On June 6, 1864, General Grant issued orders for General David Hunter to move on Lynchburg with four divisions and an artillery company. General Hunter, commander of the Department of West Virginia, was ordered to take the city and to destroy the railroads serving it. General Hunter's forces marched from Staunton by way of Lexington and Buchanan. En route they suffered the harassing actions of Confederate cavalry under General John McCausland. In Lynchburg, the walking wounded and civilians were manning the defenses of the city. Major Confederate units led by Generals Imboden, Breckinridge, and Early reinforced them. General Hunter had made Sandusky, the home of George Christian Hutter, and his headquarters had a hole cut in the roof for a lookout station to observe Lynchburg. On June 17, 1864, General Hunter began an artillery attack. The next day General Jubal Early responded with infantry and that night Hunter's forces began to withdraw. Early pursued Hunter into West Virginia. When the Union forces left, George Hutter found himself in possession of a barn full of dead and wounded Union solders, a hole in his roof, and a porch that had been pulled down by the Federal horses tied to it. Lynchburg saw no more Federal troops, other than wounded and prisoners, until Federal Occupation Forces entered the city unopposed on April 10, 1865, the day after General Lee surrendered to General Grant at Appomattox Court House. On April 12, Lynchburg's Mayor Branch yielded control of the city to Union General Ronald S. Mackenzie. Lynchburg was the only major city in Virginia to be structurally untouched by the war.

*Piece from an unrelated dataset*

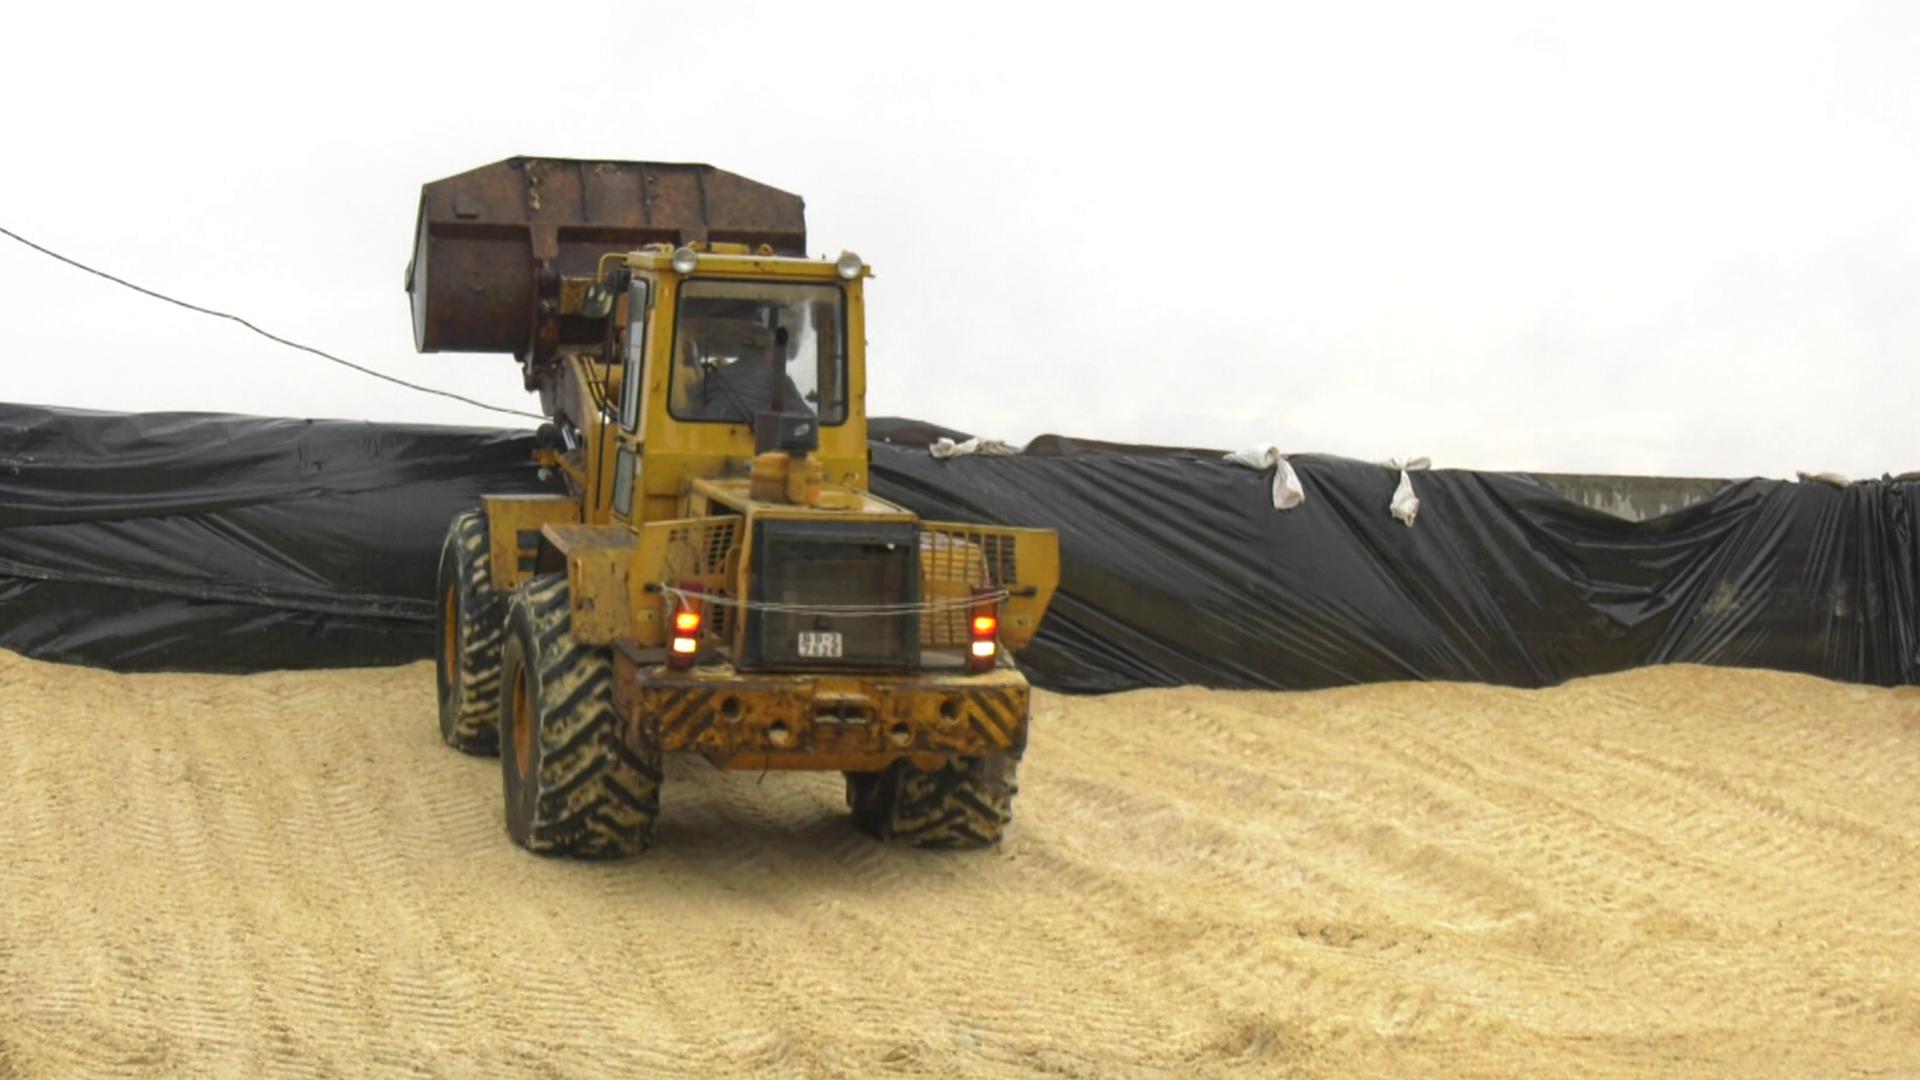 kukuruza - Богатый урожай зерна кукурузы получили в Оршанском районе (видео)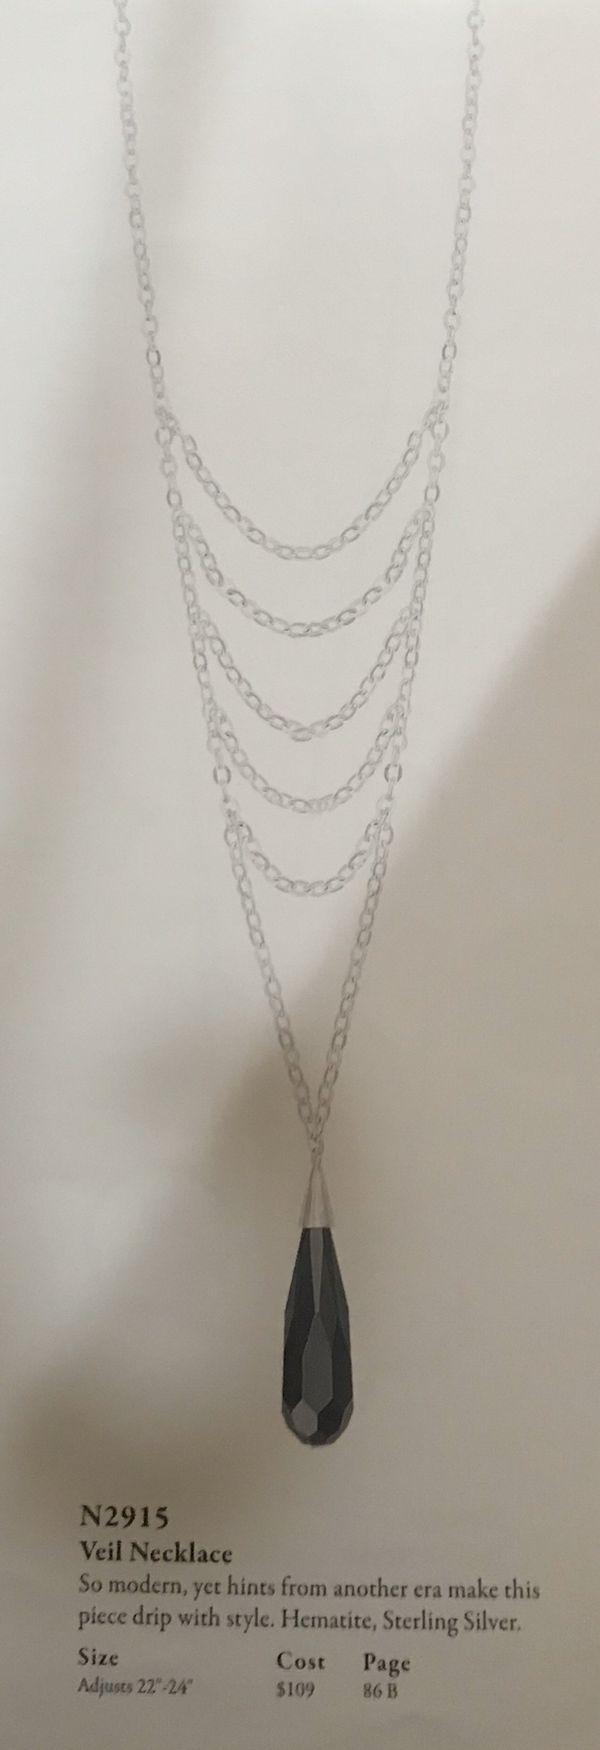 Silpada Veil Necklace

On April 14, 1865, John Wilkes Booth assassinated Abraham Lincoln. The following September several pastors met in the study of Dr. Leroy M. Lee of Centenary Church to plan for free public schools for the city. Union General N. M. Curtis provided $1,000 in collected fines and offered to provide other needed funds. Lynchburg soon had four public schools with 500 white students, and two black schools. The war has been romanticized in our day, but for the folks who experienced it, it was a very bad time.

 

In 1866 the second pipe organ to be used in a city church was installed at Court Street M. E. Church, South. One wonders if the dedication service included a response to the 1849 Third Street Station Quarterly Conference prediction.